Подобная панорамная точка зрения, взгляд на Москву
Булгаков и здесь идет против течения: многие современники воспринимали нэп как отступление советской власти, уступку прежнему буржуазному строю, идеологическое поражение.
Но главная, тайная, жизнь писателя была связана с работой над заветной книгой, рождавшейся из детских воспоминаний, снов, отцовских книг, трагического опыта десяти лично пережитых киевских переворотов.
«Дело в том, что, служа в скромной должности читальщика в „Пароходстве“, я эту свою должность ненавидел и по ночам, иногда до утренней зари, писал у себя в мансарде роман.
Он зародился однажды ночью, когда я проснулся после грустного сна.
Мне снился родной город, снег, зима, Гражданская война… Во сне прошла передо мною беззвучная вьюга, а затем появился старенький рояль и возле него люди, которых нет уже на свете. Во сне меня поразило мое одиночество, мне стало жаль себя. И проснулся я в слезах. Я зажег свет, пыльную лампочку, подвешенную над столом. Она осветила мою бедность – дешевенькую чернильницу, несколько книг, пачку старых газет. <…> Дом спал. Я глянул в окно. Ни одно в пяти этажах не светилось, я понял, что это не дом, а многоярусный корабль, который летит под неподвижным черным небом. Меня развеселила мысль о движении. Я успокоился, успокоилась и кошка, закрыла глаза.
Так я начал писать роман. Я описал сонную вьюгу. Постарался изобразить, как поблескивает под лампой с абажуром бок рояля. Это не вышло у меня. Но я стал упорен» («Записки покойника», 1937).
«Тройная жизнь. И третья жизнь цвела у моего письменного стола. Груда листов все пухла» («Тайному другу»). Так был написан роман «Белая гвардия», одна из лучших книг о Гражданской войне, о гибели Дома (1923–1924). Но только две ее части появились в СССР. Журнал «Россия», где осуществлялась публикация, закрылся, в полном виде книгу удалось издать только в Париже.
Так начинается булгаковское литературное хождение по мукам. По мотивам романа он сочиняет пьесу «Дни Турбиных» (1925–1926), она с огромным успехом идет в Московском художественном театре, но через три года постановка запрещается и возобновляется лишь через несколько лет по личному указанию Сталина (по свидетельствам современников, красный вождь смотрел пьесу о трагедии белой гвардии больше десяти раз).
Булгаков сочиняет еще несколько пьес – они отвергаются театрами или снимаются после долгих репетиций.
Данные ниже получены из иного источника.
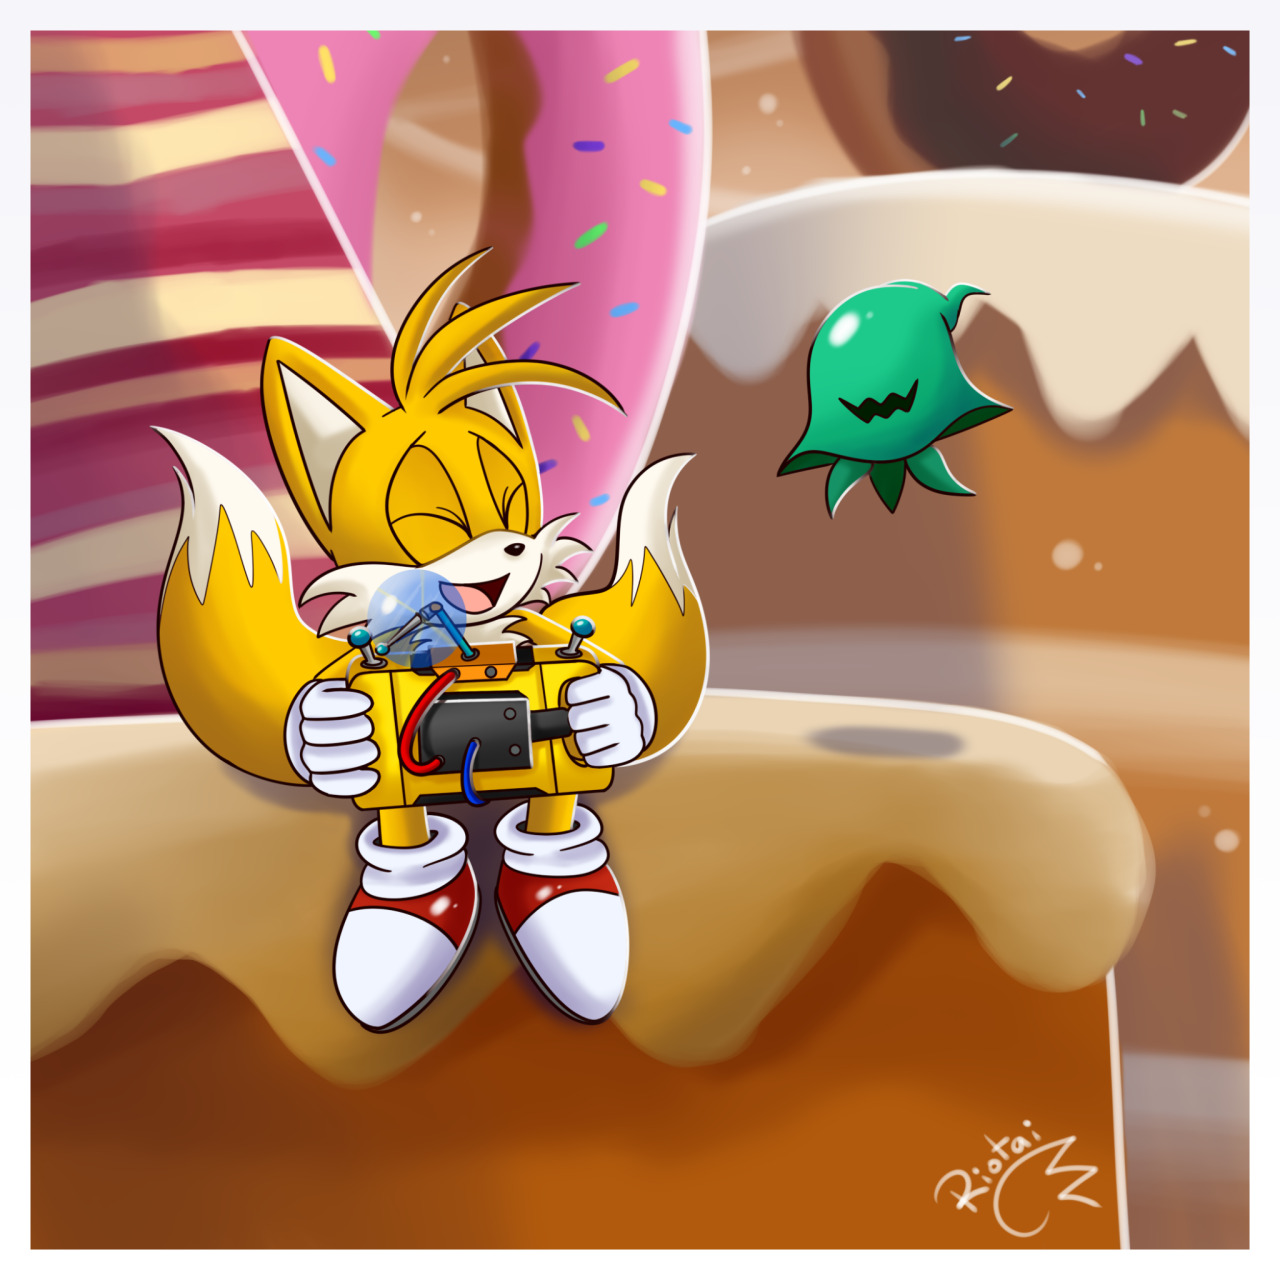 cohost! - Super Tails in Sonic 2

Рукопись завершающей сатирическую трилогию повести «Собачье сердце» в 1926 году после обыска в квартире писателя вместе с дневником конфискуется ГПУ и возвращается автору лишь через несколько лет. О публикации ее не могло быть и речи (за рубежом она появится через 42, в СССР – через 62 года). Написанная для серии «Жизнь замечательных людей» биография Мольера (1933) все-таки будет опубликована в этой серии – но через 30 лет.
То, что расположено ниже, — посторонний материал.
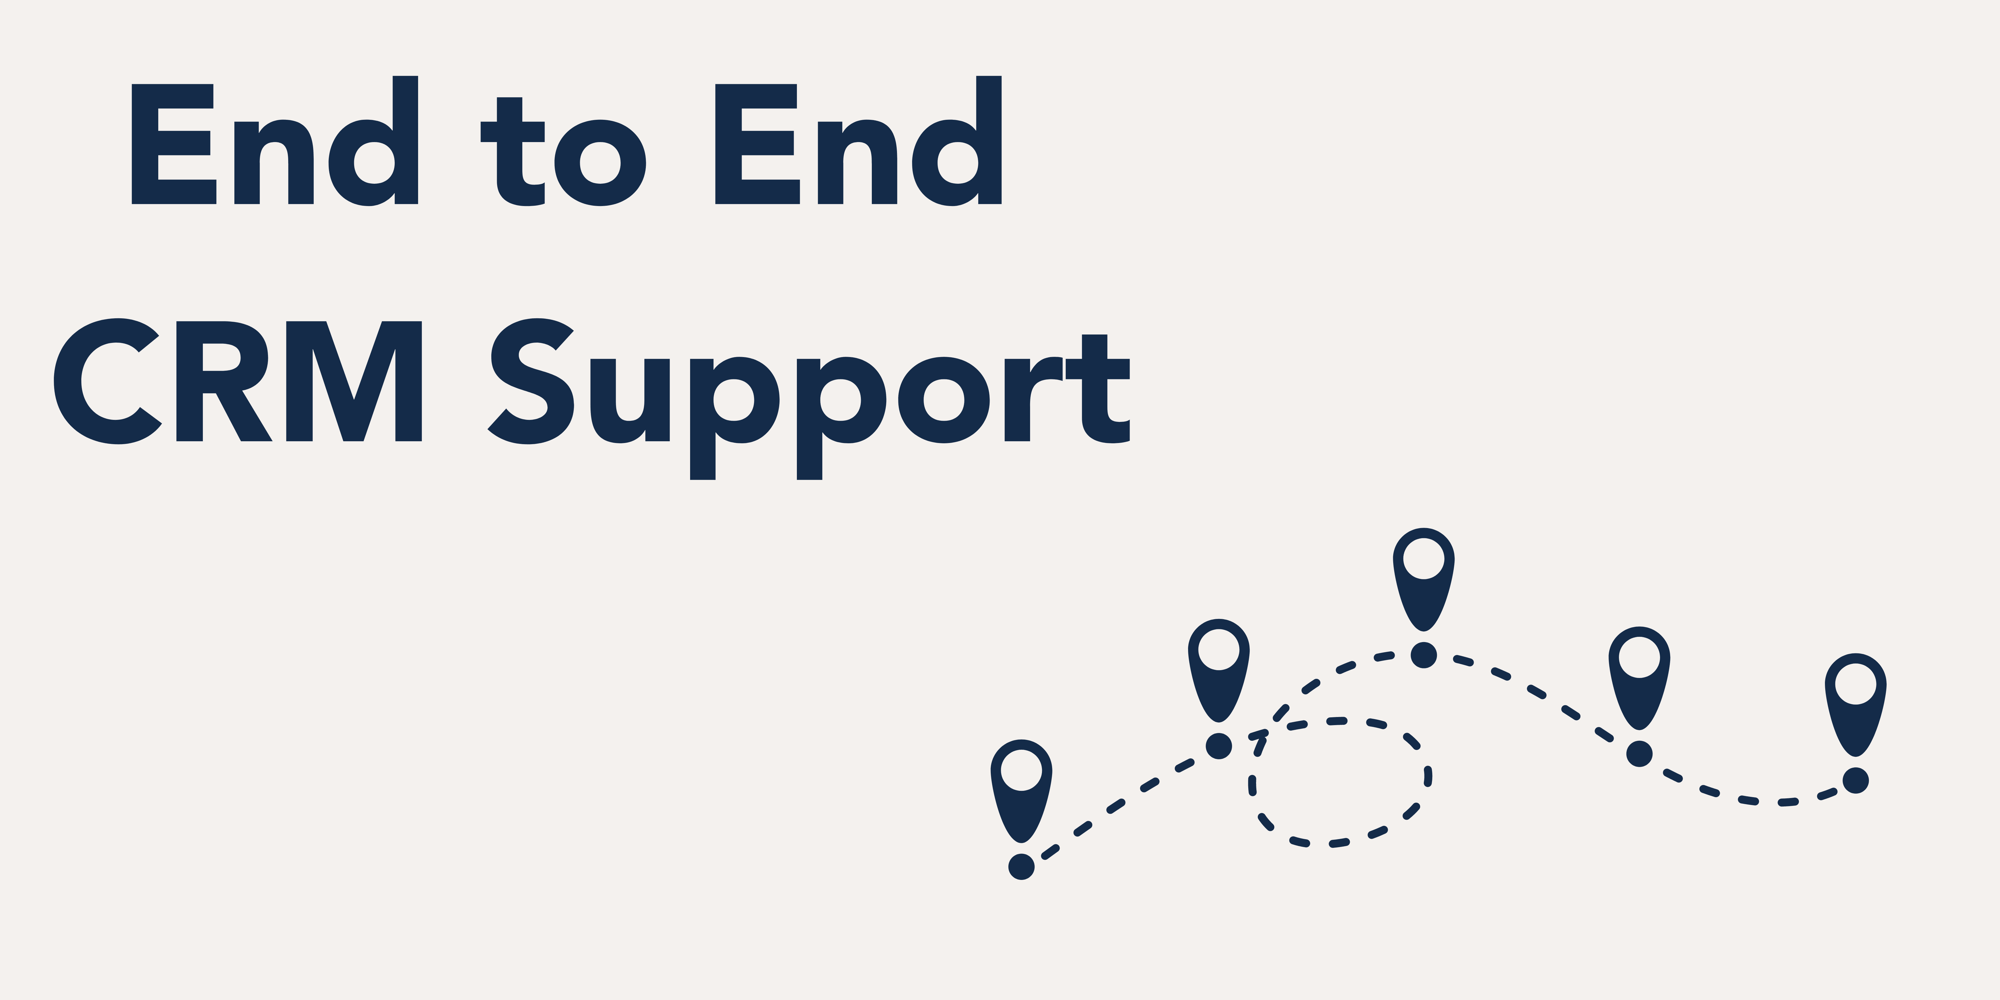 End to End CRM Support (1)

Булгакову приходится возвращаться к поденщине: делать инсценировки, сочинять либретто опер. Но даже в ситуации, когда «судьба берет за горло», он сохраняет способность пошутить, посмотреть на себя со стороны. Получив от МХАТа заказ на пьесу по мотивам гоголевской поэмы, он с горькой иронией рассказывает другу-философу П. С. Попову: «Итак „Мертвые души“… Через 9 дней мне исполнится 41 год. Это – чудовищно! Но тем не менее это так.
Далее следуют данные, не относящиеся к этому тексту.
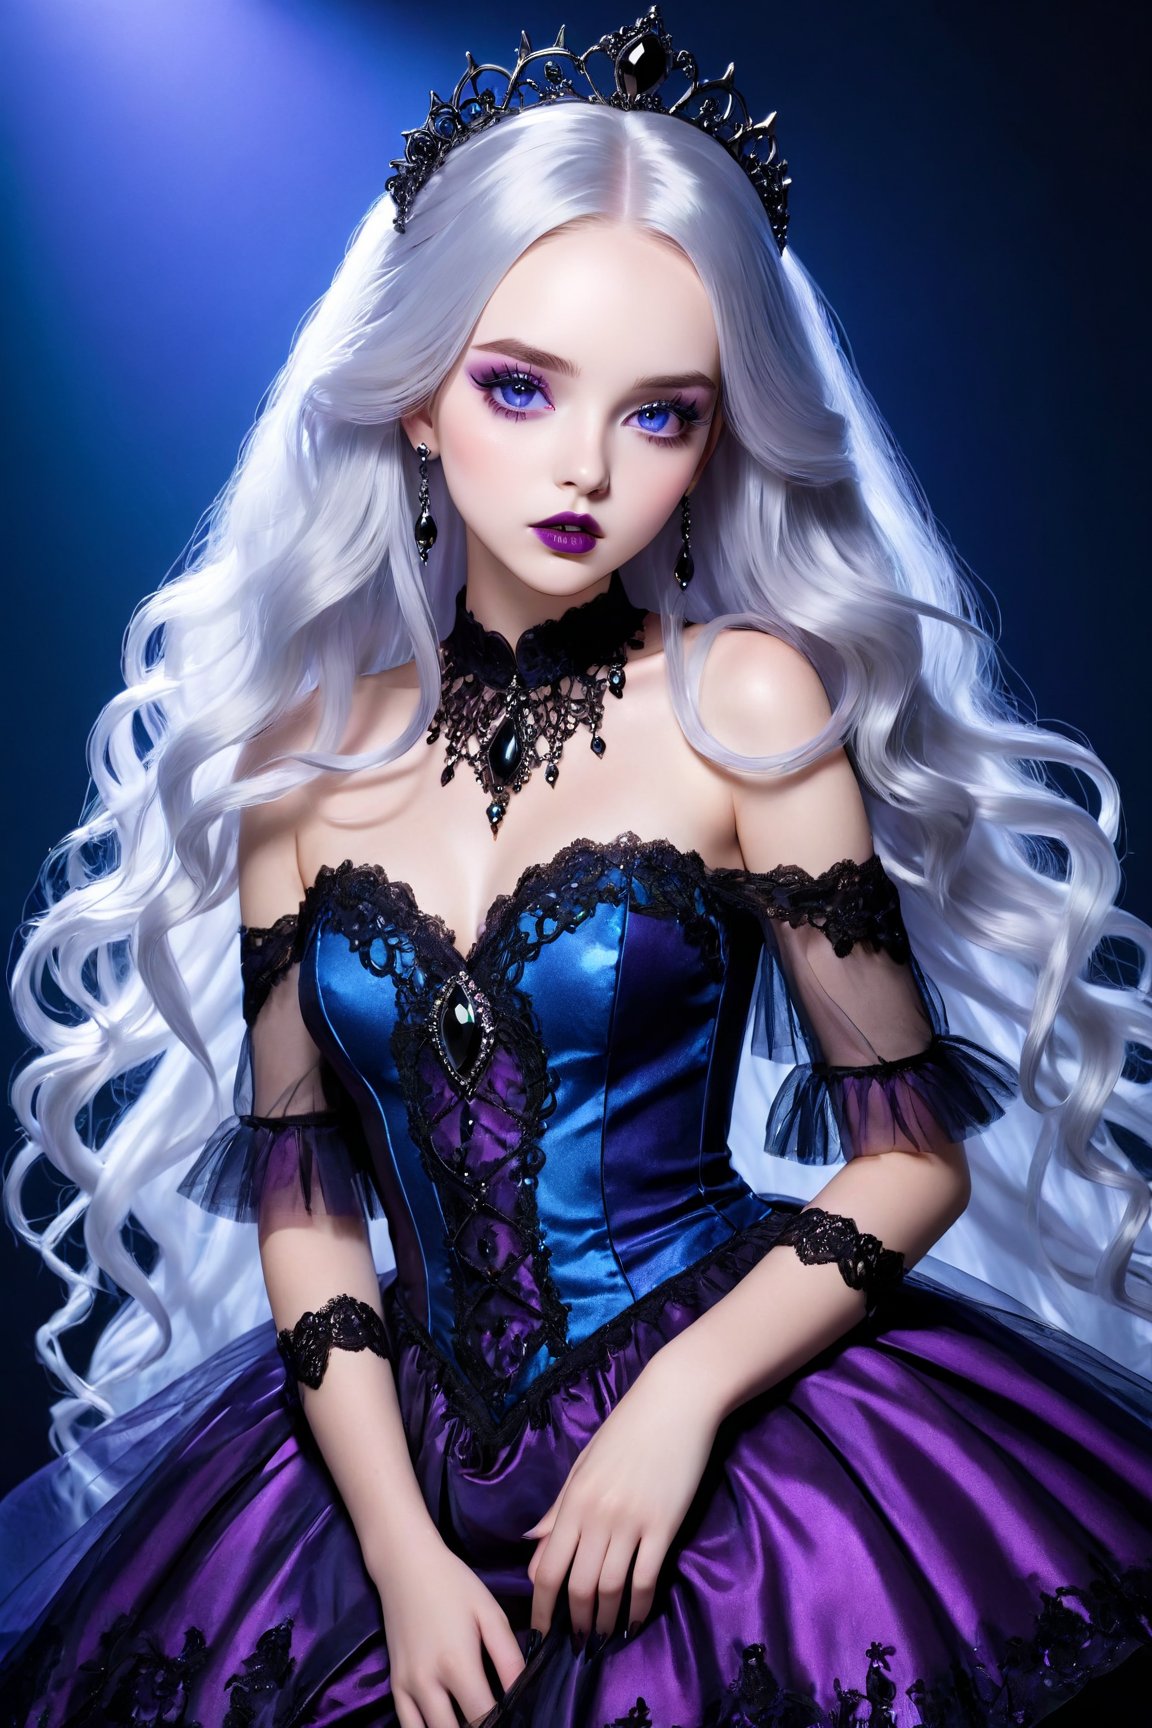 (best quality, photorealistic, high fashion, high detailed, high light), (glossy magazine photo:1.2), (young British woman:1.3), (posing for magazine:1.2), (gothic style:1.3), (long silver hair:1.2), (tulle-lace purple dress:1.3), (decorated with black diamonds:1.3), (full lips:1.2), (big ocean blue eyes:1.3), (metallic gothic makeup:1.3), (bright studio lights:1.3).

И вот, к концу моей писательской работы я был вынужден сочинять инсценировки. Какой блистательный финал, не правда ли? Я смотрю на полки и ужасаюсь: кого, кого еще мне придется инсценировать завтра? Тургенева? Лескова? Брокгауза-Ефрона? Островского? Но последний, по счастью, сам себя инсценировал, очевидно предвидя то, что случится со мною в 1929–1931 гг.» (7 мая 1932 г.)
Среди булгаковских работ тридцатых годов, кроме «комедии в четырех актах» «Мертвые души», – «инсценированный роман Л. Н. Толстого в четырех действиях» «Война и мир» (в нем тридцать сцен, 115 персонажей, включая «чтеца» и 5 «голосов»), «мольериана в трех действиях» «Полоумный Журден», «пьеса по Сервантесу в четырех действиях» «Дон Кихот».